Лев Шестов говорит, что ангел, слетающий к человеку, чтобы забрать его душу, «сплошь покрыт глазами». Зачем ему столько глаз, спрашивает Шестов и отвечает: не для себя. Они на случай, если душа, за которой явился ангел, еще не готова покинуть тело, и тогда он оставляет человеку, уже посмотревшему в лицо смерти, дополнительную пару глаз. Тут-то и открывается у него второе зрение.
Почему же, думал я, у меня не открылось? Да, я не заглядывал в лицо смерти, но я беспрестанно и отнюдь не беспристрастно размышляю о ней – неужто этого недостаточно? Или, может быть, многоглазый ангел душу мою давно забрал, а я этого не заметил? Забрал и никаких глаз не оставил: зачем обездушенному телу духовное зрение? Вот и увидел на Святой Земле лишь торгашество, да толчею, да людей с автоматами, да шашлыки, что жарят прямо против храма Рождества…
Из головы не шли – и тогда, в каюте, и после, по возвращении в Москву – чеховские слова о том, что если веры нет, надо «не занимать ее шумихой, а искать, искать, искать одиноко». Одиноко! И не Бога, говорит Чехов, искать, а веру. Мыслимо ли такое? Наверное, да. Вот ведь обошлись Лаоцзы и Конфуций без Бога, создав религии, в которых Его нет. Путь, для русской традиции неприемлемый? А как же тогда наш Гоголь, причем Гоголь поздний, когда трансформация светского писателя в писателя христианского, по сути дела, завершилась?
«Одиссей, – читаем в „Выбранных местах из переписки с друзьями“, – во всякую трудную и тяжелую минуту обращается к своему милому сердцу, не подозревая сам, что своим внутренним обращением к самому себе он уже творил ту внутреннюю молитву Богу, которую в минуту бедствий совершает всякий человек, даже не имеющий никакого понятия о Боге».

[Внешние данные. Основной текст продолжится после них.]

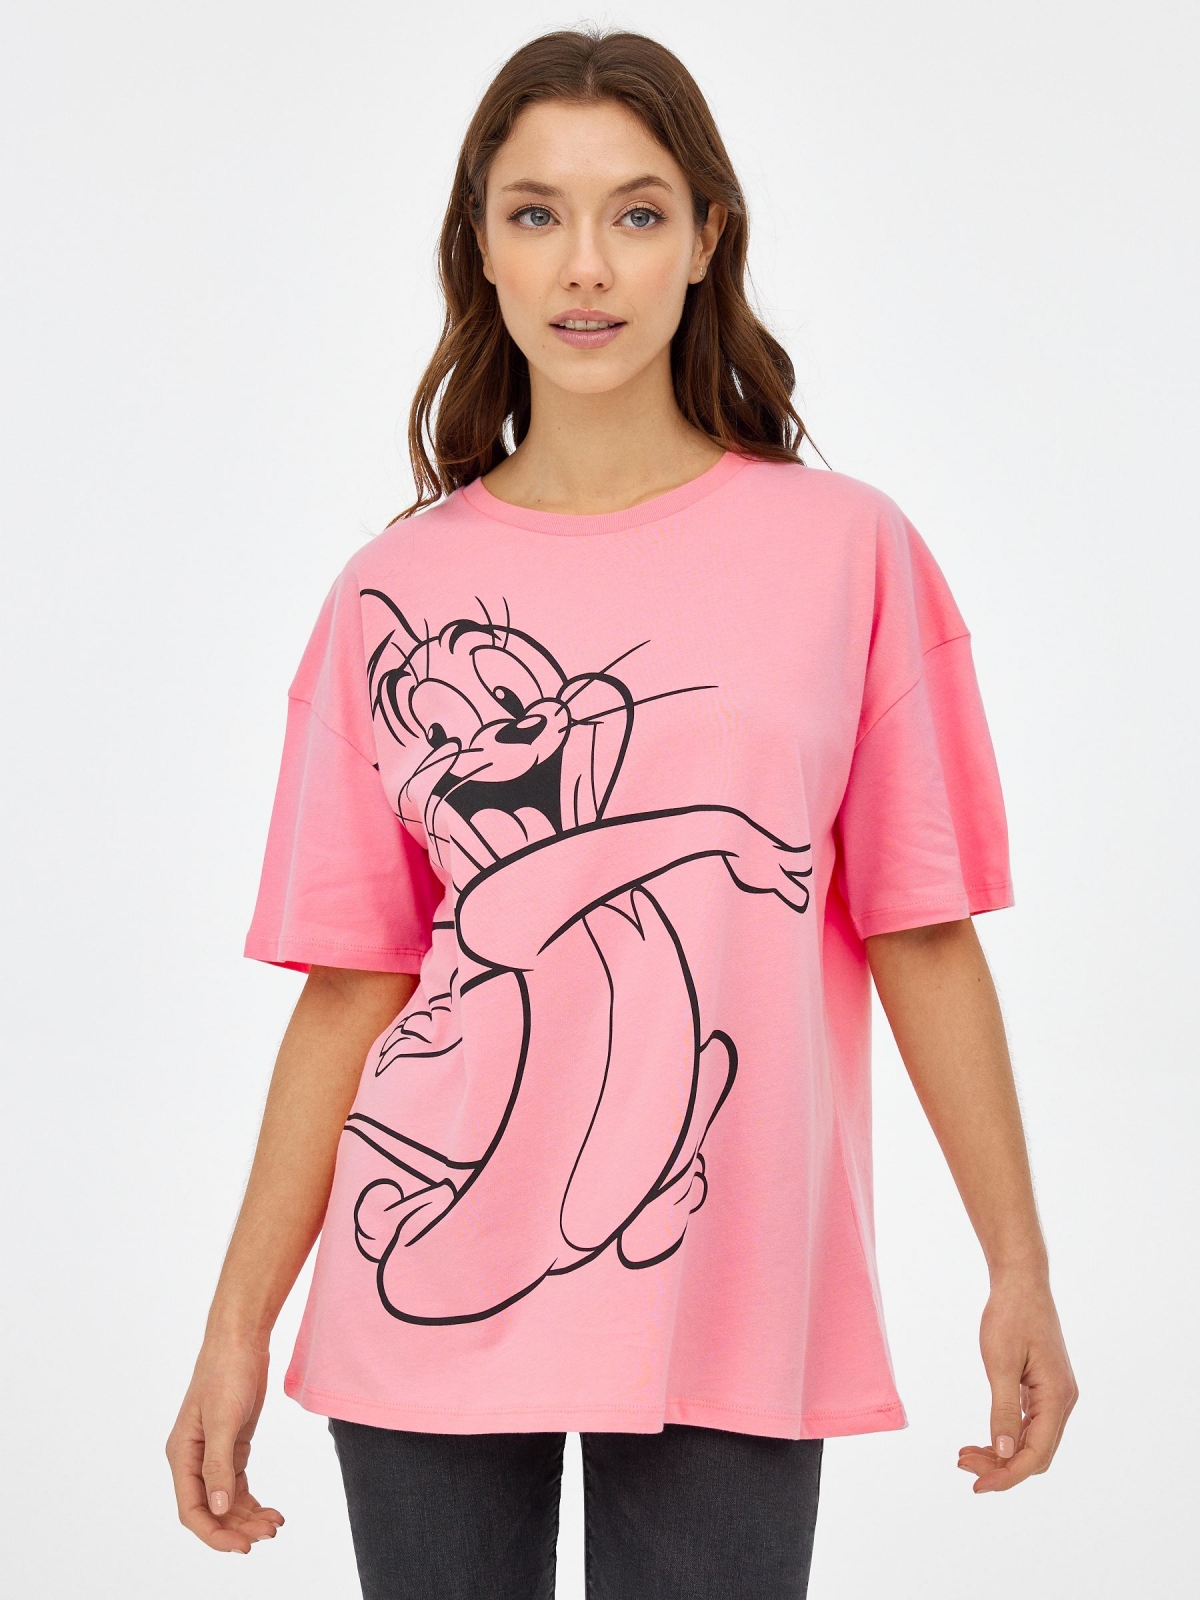 Camiseta oversized Tom & Jerry rosa claro vista media frontal

Пассаж этот, полагаю я, можно толковать двояко. И как доказательство присутствия Бога в качестве объективной реальности – вне зависимости от того, осознает эту реальность человек или нет, и как персонализацию собственного духа, как возведение его в некий высший орган. В последнем случае бог (с маленькой буквы!) – понятие не столько теологическое, сколько этическое. Вот и Гегель в вольном переложении Евангелий, каковым является его «Жизнь Иисуса», то и дело оперирует сугубо нравственными категориями. Так, слова Луки о мытаре, который, моля Бога о снисхождении к себе, грешнику, «пошел оправданным в дом свой» (18:14), Гегель переводит следующим образом: «Пошел домой с успокоенной совестью».
Не оправданным, а с успокоенной совестью, что далеко не одно и то же. Оправдание предполагает оправдывающего, совесть же – штука сугубо интимная и вмешательства каких бы то ни было инстанций свыше не требует.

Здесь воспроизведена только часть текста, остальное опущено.